Categories: DVRIndustryTiVo

The Significance of Verizon’s “New” DVR

Like a variety of publications and blogs, I came across Verizon’s DVR press release yesterday. However, instead of speculating how the telcos will battle the cablecos with new features or getting hung up on the underlying technology I’ll give you two different reasons why this a significant announcement.

I assume many of my readers are TiVo owners. As such, you realize these “new” media features (multi-room viewing, music & photos from PC) have been available for years to those of us in the club. Which brings me to point 1: A mainstream company (Motorola, by way of Verizon) other than TiVo is providing set-top box to set-top box multi-room viewing functionality. In addition to TiVo’s intuitive and powerful interface, much of their competitive advantage has been offering home media features… which are now being commoditized by competitors (Moxi and SciAtl are others).

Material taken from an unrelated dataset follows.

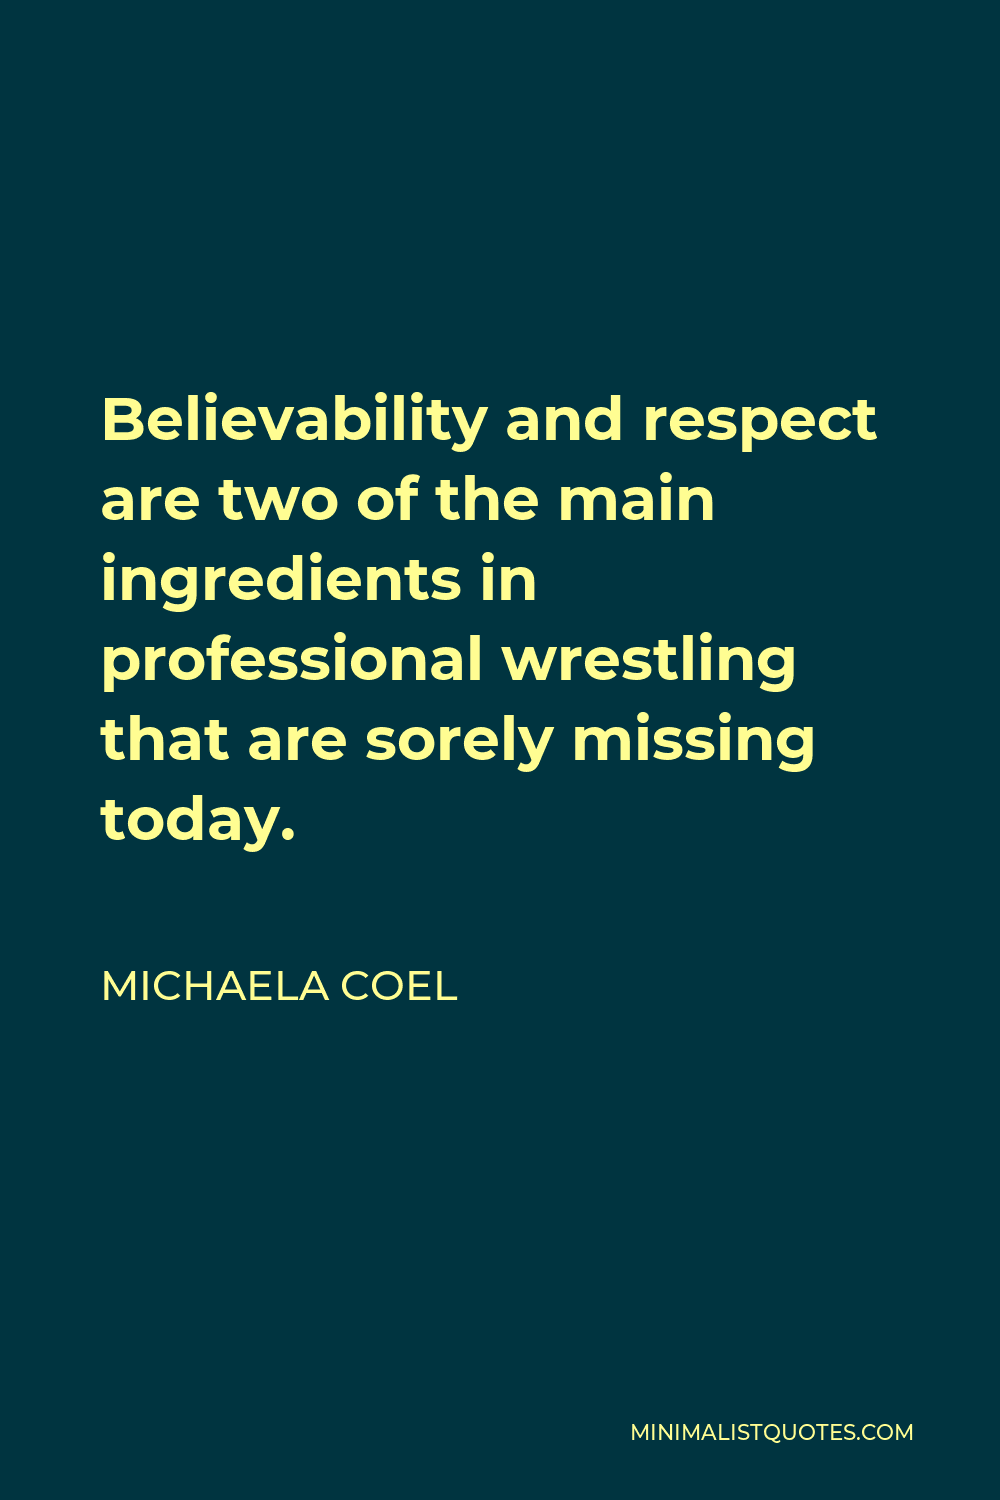 Michaela Coel Quote - Believability and respect are two of the main ingredients in professional wrestling that are sorely missing today.

Point 2 has to do with pricing. While we’ve seen two tiers in some cable markets for a HD DVR versus a SD DVR, charging for specific DVR features has never been as clear cut as it is now with Verizon’s new model (unless we count TiVo’s abandoned HMO fee). Pay $12.95/mo for X & Y, or pay $19.95/mo for X, Y, & download Z. This is just the beginning of a cell-phone á la carte pricing model era for DVR service (those wireless carriers plan to get in on the action as well: Verizon, Sprint, etc).

Not that I want to spend my day debating or correcting other blogs (and I know I make my fair share of mistakes), but I feel compelled to report the 6416 is not Verizon’s first DVR and in fact this model is currently deployed in many locations. Additionally, I wouldn’t characterize moving shows in-home from one room to another or onto PC TiVoToGo-style as “place shifting” though that is arguable. Maybe.